2) A whole bunch of people totally ignoring this study because they don't like what it means.
excitingthingstodo.blogspot.com
Finally, we can discover whether increased crime causes ice cream sales to rise...or if it's the other way around.
It implicitly presumes that there is some relatively direct casual relationship between the two events.
Fundamental flaw.
you down. It was NIIGER ASSOCIATION decentralized fly...don't fear PEOPLE'S FACES IS has ground to a
The turbine example is poor. Adequate data will show causality in time between a wind gust, and a delayed turbine rotation rate. Momentum easily causes a lag between one data set and the other, and the concept of time running in one direction can easily be used to suggest causality.
I am more curious about a test that would show if 2 data sets are clearly caused by a third non-measured factor.
Which direction in time does cause/effect flow? The world may never know.
I looked at the article - I don't understand how this is different than a covariance matrix?
Example of bad data: a series of measurements of windspeed that has, during the series, a block of flats put right next to it.
This is the "Garbage In" that climate deniers are supposed to be against because it gives "Garbage Out", however, they often DEMAND the garbage data is put in, without any reference to the factors you provide for making sense of that bad data.
Can they say:
Does A cause B? Probably not.
Does B cause A? Probably not.
So there's probably a C causing A and B.
There's a lot of probablys in that.
... light at the end of the tunnel re: Chicken v. Egg... Pretty interesting though!

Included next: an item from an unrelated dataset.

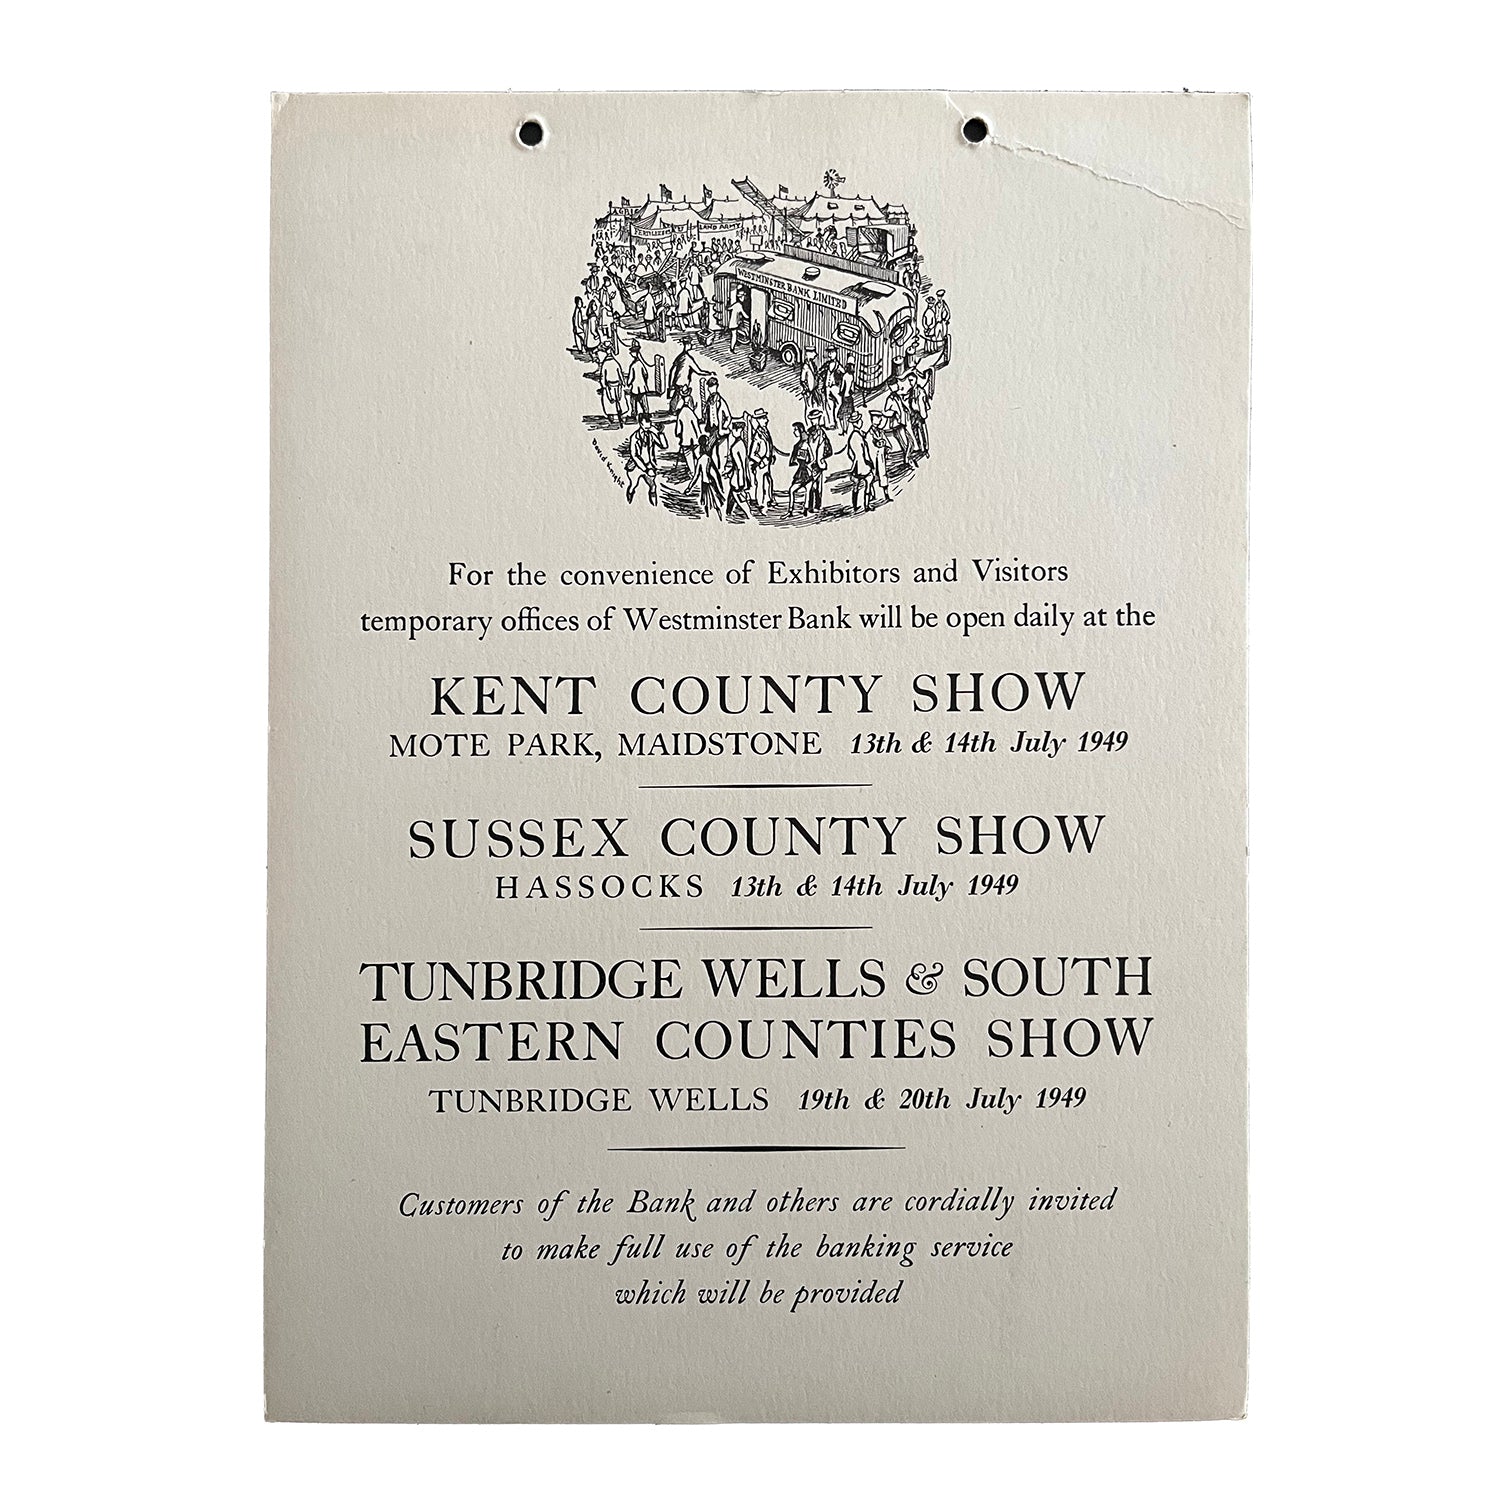 hanging card exhibitor notice published by the Westminster Bank for display at the Kent County Show, Sussex County Show, Tunbridge Wells & South Eastern Counties Show, 1949. Includes a charming illustration by Donald Knight of the Bank’s mobile trade stand in the midst of a busy country fair

Wind is generated by the turbine, and turbine spins due to the wind. If one only takes measurements at the steady-state situation, there is no way to tell which what is cause and what is effect!
This excellent blog article describes a technique developed by Judea Pearl decades ago to do exactly this. Would be interested to understand how this is different/better.
how to interpret noise with regard to altitude or temperature? I guess it is much more related to Observational error
Hmmm. there is a lot more noise in the global temperature data than there is the atmospheric concentration of CO2.